Among the 15 SNPs analyzed, snp7 was assigned the highest posterior probability of being a QTN (Figure 8). This SNP, which is a tag SNP, was also implicated by the analysis in Tate et al. [22]. However, the posterior probability of this SNP represents only 34 % of the posterior mass. Six additional SNPs are needed to encompass 90% of the posterior mass: snp6 (rs3812719), snp8 (rs490317), snp9 (rs2126152), snp10 (rs7601520), snp11 (rs2298771) and snp13 (rs7571204). The posterior distributions of the main effect, *a*, for each of these seven SNPs, conditional on it being a QTN, are very similar (Figure 8).

In summary, these data provide modest evidence of association between *SCN1A* and maximum dose of carbamazepine, and, among the SNPs analyzed, snp7 (rs3812718) appears to be the best candidate for being causal. A recent follow-up study appears to confirm this variant as being functionally important [24].

We described a new approach for analysis of association studies, with two important components: (i) it uses imputation of unknown genotypes, based on statistical modeling of patterns of LD, to allow untyped SNPs to be directly assessed for association with phenotype; (ii) it uses BFs, rather than *p-*values, to assess genotype–phenotype association.

The idea of trying to find associations between phenotypes and untyped variants is old, and underlies many existing methods for assessing association. In some cases this aim is implicit (e.g., testing for association between haplotypes and phenotypes can be thought of as an attempt to indirectly test untyped variants that may lie on a particular haplotype background), and in others it is explicit (to give just one example, Zöllner and Pritchard [25] place mutations on an estimated tree, and test resulting genotypes for association with phenotype).

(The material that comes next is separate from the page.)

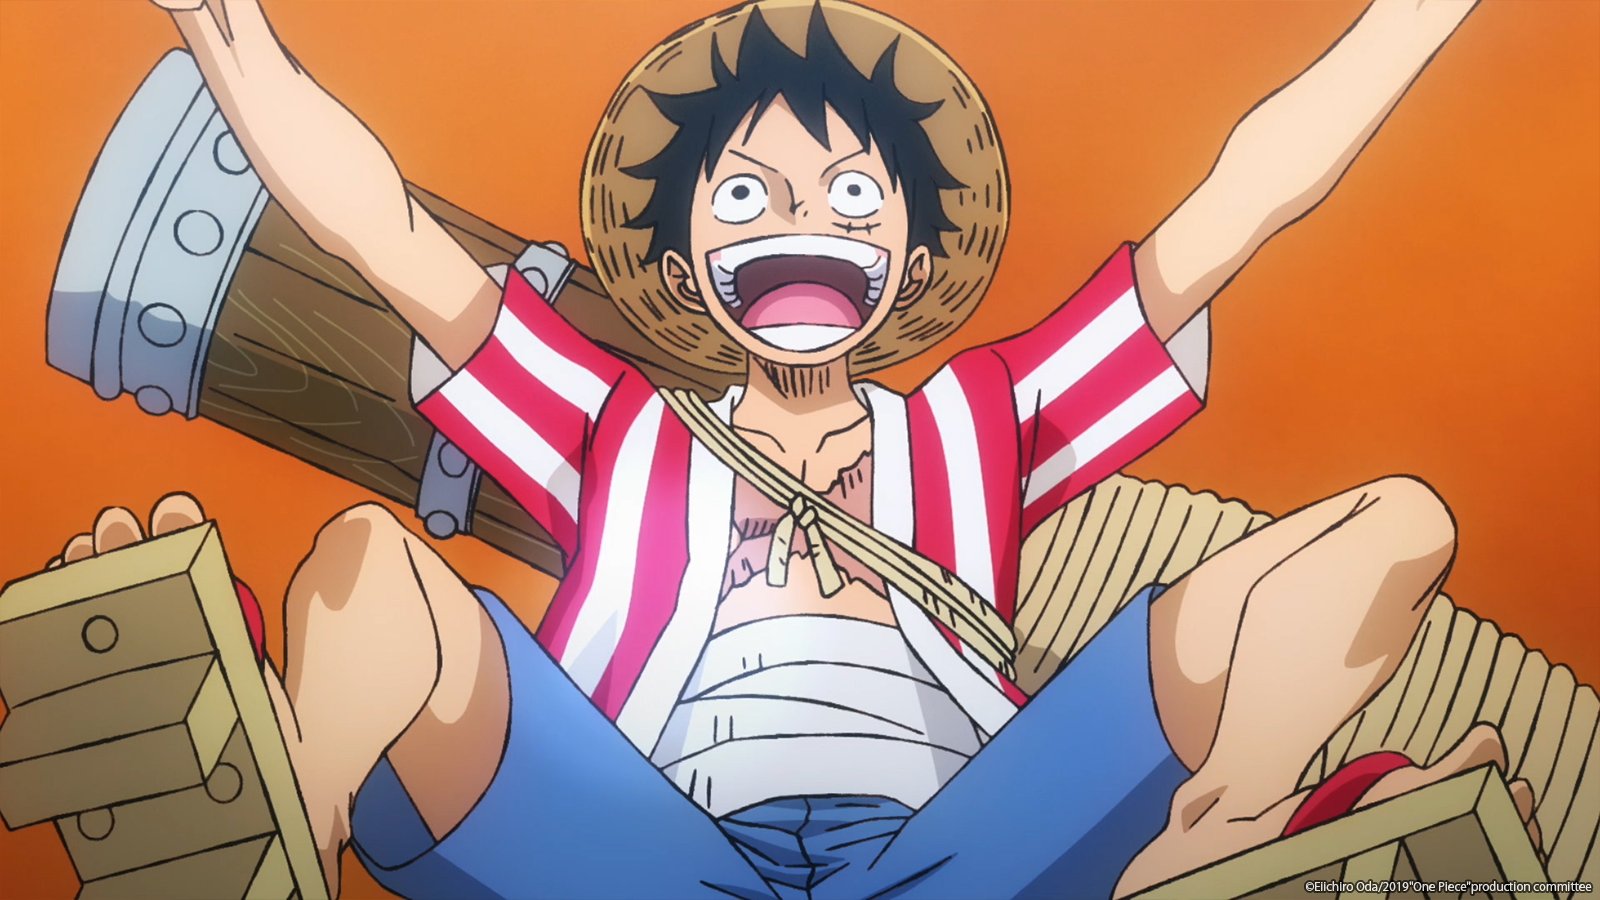 One Piece Episode 1070 Release Date & Time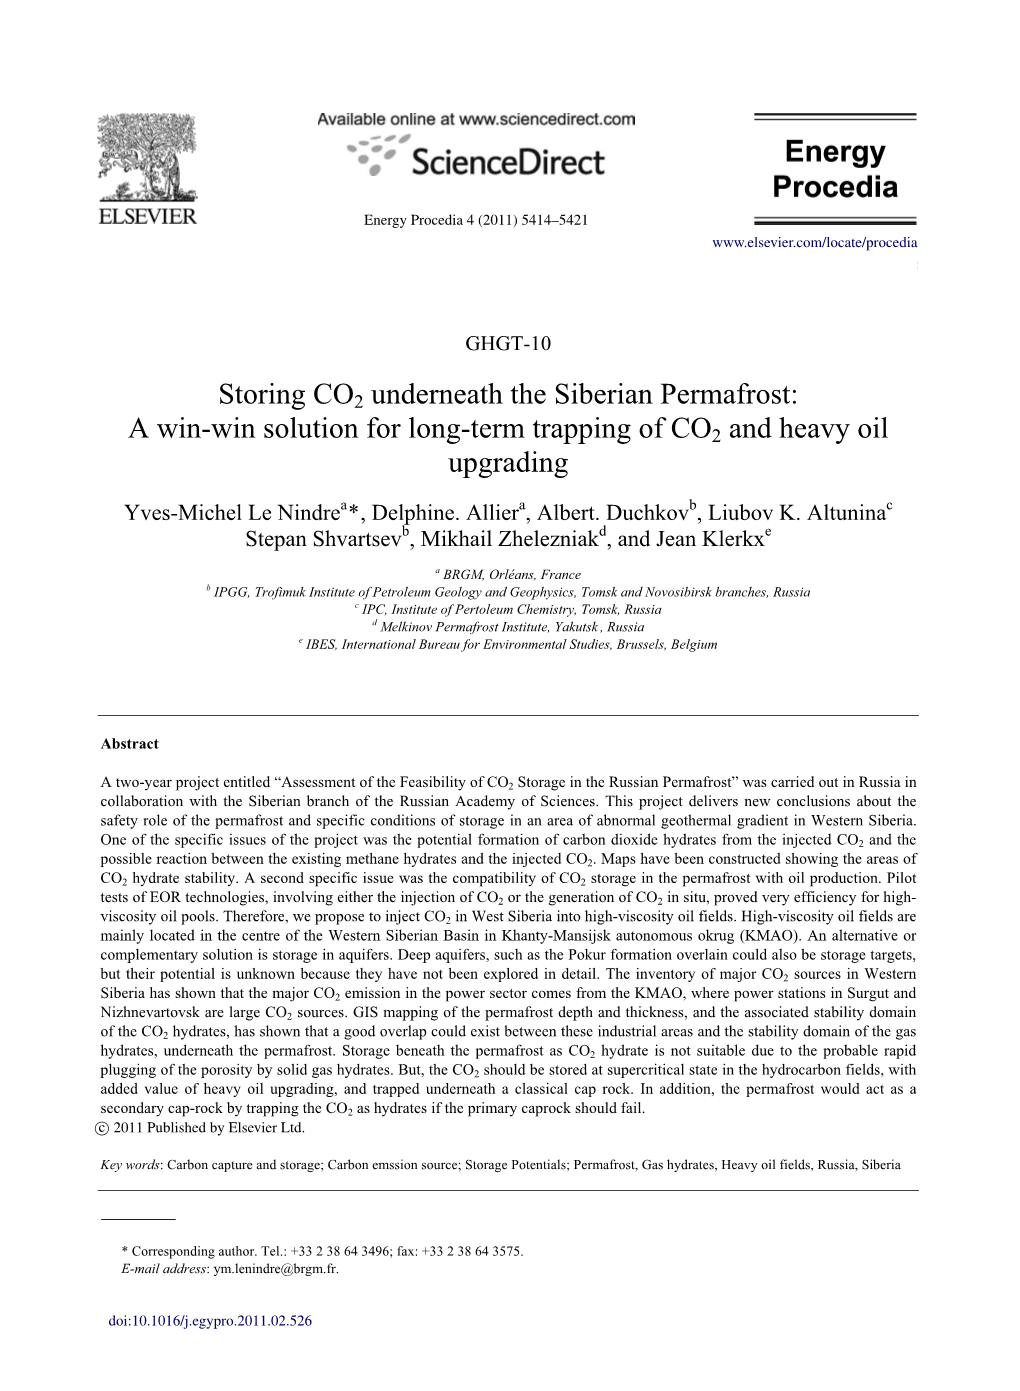 Storing CO2 Underneath the Siberian Permafrost: a Win-Win Solution for Long-Term Trapping of CO2 and Heavy Oil Upgrading

A key difference between our approach and these existing methods is that we focus on testing variants about which something is known (i.e., SNPs that are known to exist, and have documented patterns of LD), and exploiting this information. This idea, which seems in many ways more compelling than testing hypothetical untyped variants about which nothing is known, has been recently developed by several groups [5,26–31]. While there are, no doubt, multiple effective ways to implement the general strategy, attractive key features of our approach include the use of flexible statistical models for multi-locus LD to estimate missing genotypes, with uncertainty; and the use of Bayesian methods to account for uncertainty in estimated genotypes.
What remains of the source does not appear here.